— Может быть, ты и обо мне скажешь?
— Ты-то? — Ему, видно, стало жаль меня, как и Наташу. — Ты густерочка, нехитрая рыбешка. Не надо, Маша, переживать из-за всей этой писанины. Или бросай свою работу.
— Нет уж! — твёрдо возразила я. — Школу ни за что не брошу, пока ноги ходят, а глаза видят. Но если Елену Сергеевну сниму!..
— Обязательно снимут! — вставил он.
— Если её снимут, я не брошу заявление на стол, как Осокин. Доведу свой класс до четвертого и попрошу перевод в другую школу.
— Ты у меня борец!
Не умею описать, до чего душевно мой Иван Степанович сказал эти слова. Сразу стало легче.
Дальше пошло как по расписанию. Весь город загудел. Чего только не говорили про нашу школу. Чуть ли не били мы детей. И крапивой будто секли, и на коленки ставили, на горох. Но нашлись и противники Наташи, называвшие её не иначе, как Оськиной-Моськиной.
Гороно разразился решением. Елену Сергеевну снять, направить рядовым учителем. Директором назначили Евгения Савельевича. Подошло первое сентября. Я в учительскую не хожу, все перемены остаюсь у своих третьеклашек. Моим ученикам и дела нет до всего, что «наверху», — пишут, считают, рисуют, деловитые и ужасно принципиальные. Поглядишь на них и подумаешь: ты их учишь или они — несмышленые! — тебя?
Как-то я встретила на рынке мать Фисюка. Мне от Вити самый сердечный привет, он поступил в педагогический, отработал месяц на картошке, подружился со своей группой, в общем — очень доволен. Не забыли меня и другие ученики. Младшая сестра Вали Гетмановой Люся — она в девятом классе — принесла мне письмо с припиской: «Передай нежный привет М. В. или лучше покажи ей мою эпистолу». Мне словно послышался живой, насмешливый Валин голос. Взяла письмо, читаю. Валя в младших классах писала сочинения очень свободно, умно, обстоятельно. В старших у неё была по литературе твердая четверка. Елена Сергеевна требовала в сочинениях развернутых суждений и характеристик, оригинальных эпиграфов, а Валя стала, наоборот, писать коротко и сухо. Но в письме к сестренке она развернулась. Живо изобразила лекции известных ученых, занятия в лабораториях, нравы общежития, веселые розыгрыши и серьезные споры. Валя с её умом была там, конечно, как рыба в воде.

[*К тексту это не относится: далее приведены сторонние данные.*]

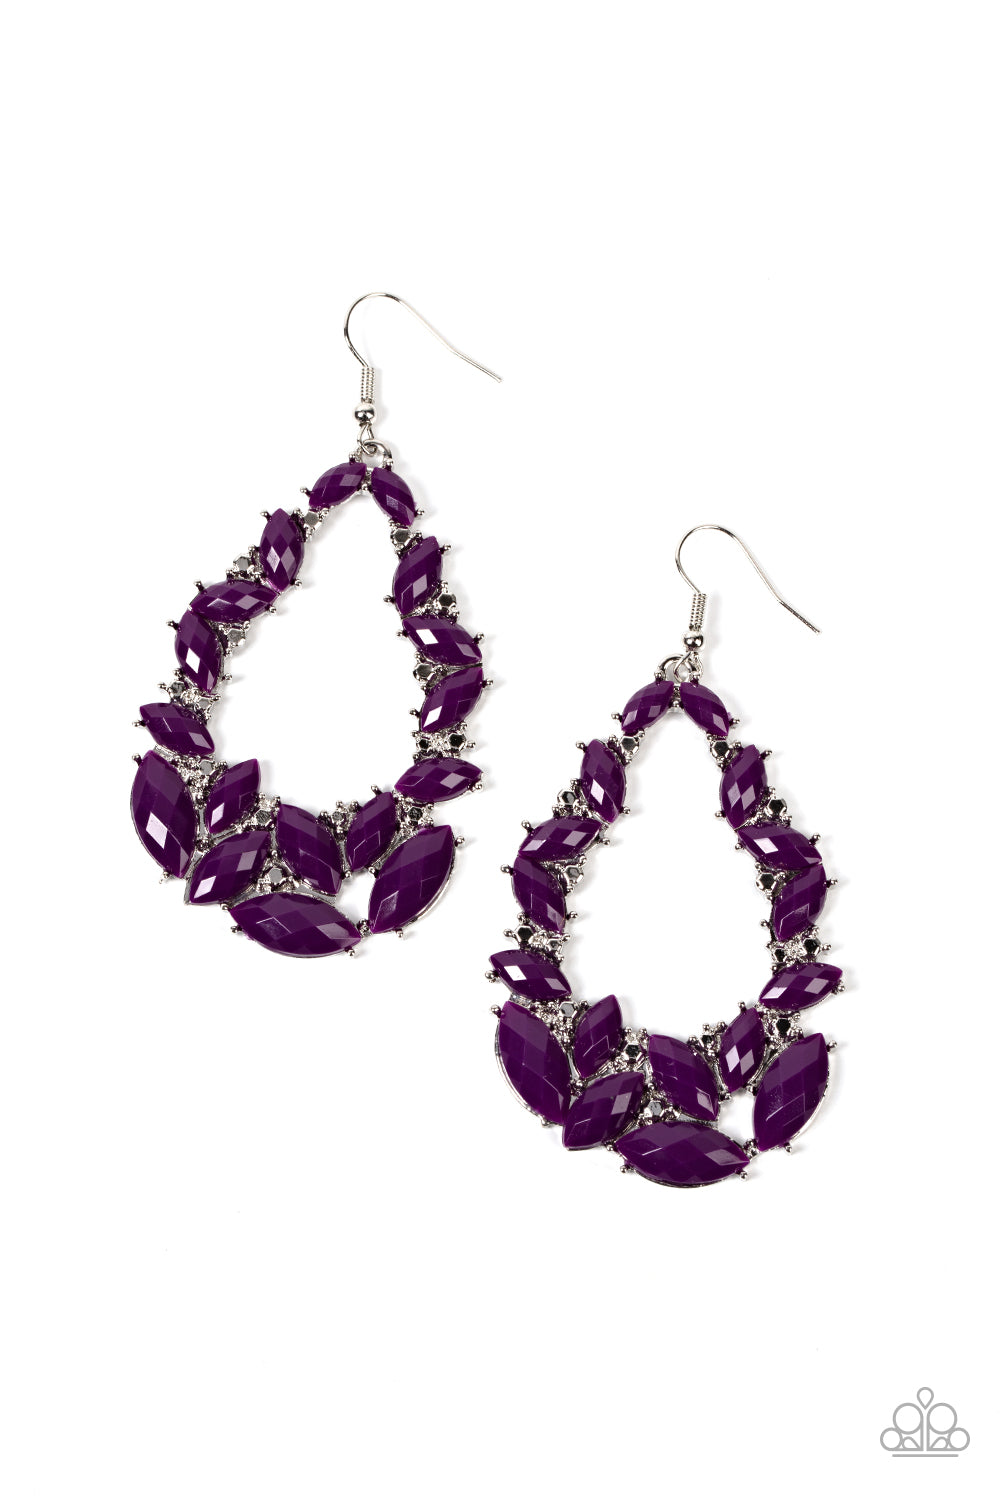 Tenacious Treasure - Purple Teardrop Earrings  featuring pronged silver fittings, a glimmering collection of faceted plum marquise beads coalesce into a glamorous teardrop. Faceted silver accents are sprinkled through the design, adding a spritz of metallic shimmer. Earring attaches to a standard fishhook fitting.  Sold as one pair of earrings.

«Теперь насчет статьи Малиновской, — писала она. — В общагу приходили старшекурсники с факультета журналистики. В редакции, где работает Малиновская, никто не относится к ее „маралям“ (опусам на моральную тему) всерьез. Дамское рукоделие, пошлость, вчерашний день. Но я по-своему благодарна авториссе „Дочери Дон-Кихота“. Она мне помогла найти умных друзей, что для „козерога“ (да ещё в образе девицы из провинции) не так легко».
Дочитав до этого места, я спросила Люсю:
— Что значит «козерог»?
— Мария Владимировна, да это все знают: первокурсник!
Письмо Вали меня с одной стороны успокоило, а с другой встревожило. Можно ли так легко поверить, что в редакции не принимают всерьез собственные принципиальные выступления? И что за «умных друзей» нашла Валя?
О Наташе я долго ничего не слыхала. Наконец встречаю на улице Таню Самохину, она меня останавливает и говорит с досадой:
— Не знаю, что делать с Осокиной. Все меры по её письму и по статье приняты, мне в обкоме поставили на вид…
— За что же тебе? — я очень удивилась.
— В общем-то за дело. Комсомольская организация школы вела себя пассивно. И сами Осокиной не помогли, и к нам в горком не обратились. Да и мы хороши! Никакого внимания школе во время экзаменов! — Таня огорченно махнула рукой и опять заговорила о Наташе: — Осокина отказывается получить аттестат. Хоть бы вы с ней побеседовали. Вас она послушает.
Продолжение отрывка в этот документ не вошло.